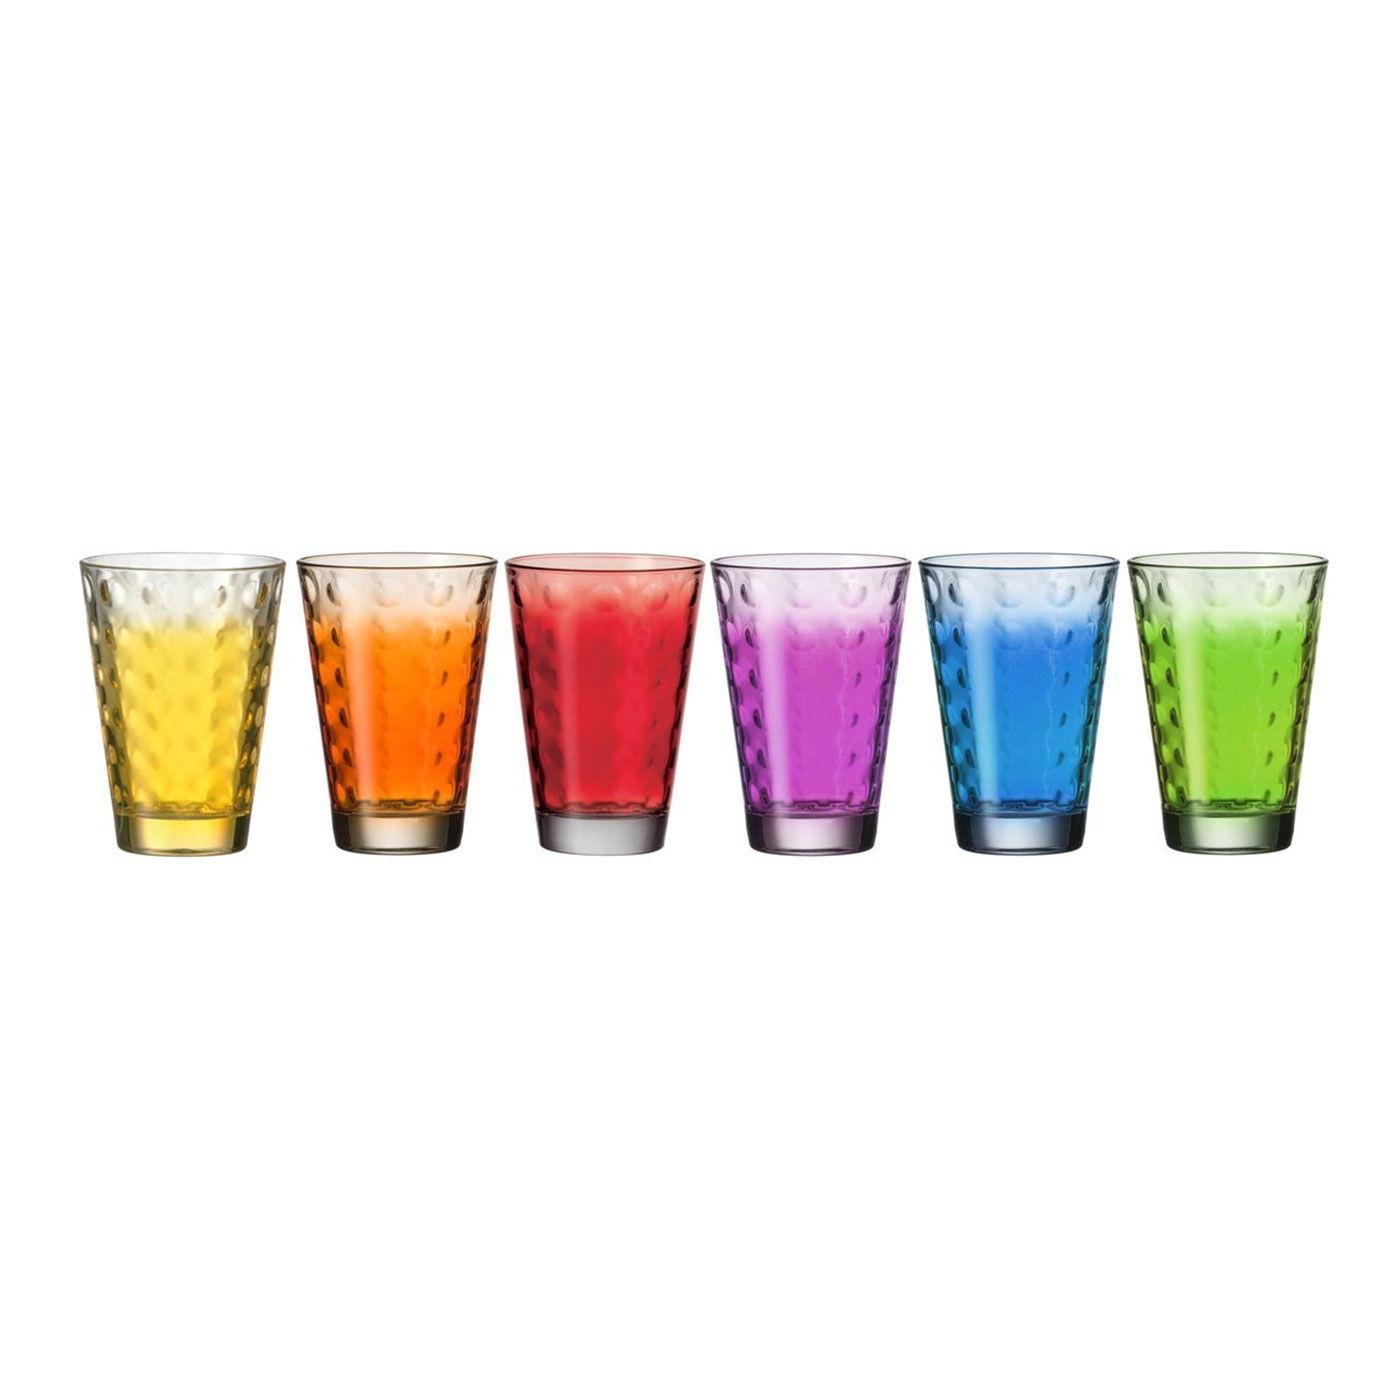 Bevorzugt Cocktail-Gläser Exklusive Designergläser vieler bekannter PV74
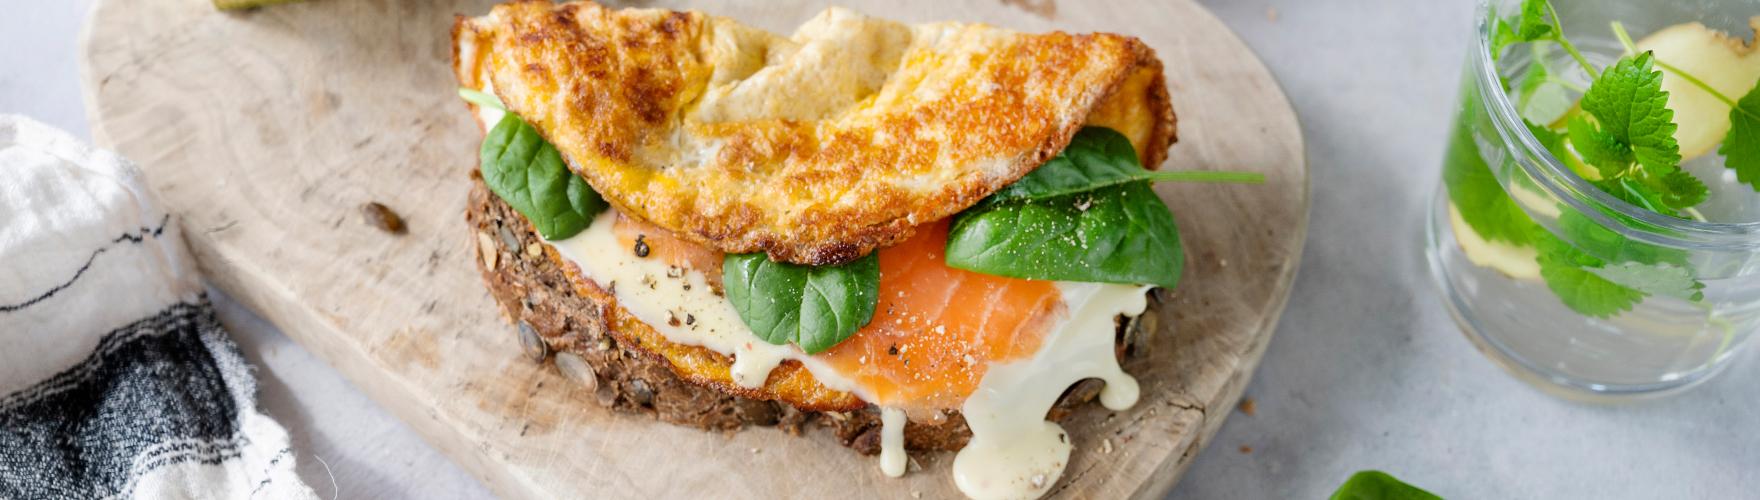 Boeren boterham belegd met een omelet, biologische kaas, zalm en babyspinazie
--
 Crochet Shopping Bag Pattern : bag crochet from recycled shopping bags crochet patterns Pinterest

Description of the task → The lines above starting at the one that holds "Bevorzugt Cocktail-Gläser Exklusive" and ending at the one that holds "Boeren boterham belegd" are to be written out exactly, ends included, and no pictures are to be copied.

Response to the task →
 Bevorzugt Cocktail-Gläser Exklusive Designergläser vieler bekannter PV74
 Boeren boterham belegd met een omelet, biologische kaas, zalm en babyspinazie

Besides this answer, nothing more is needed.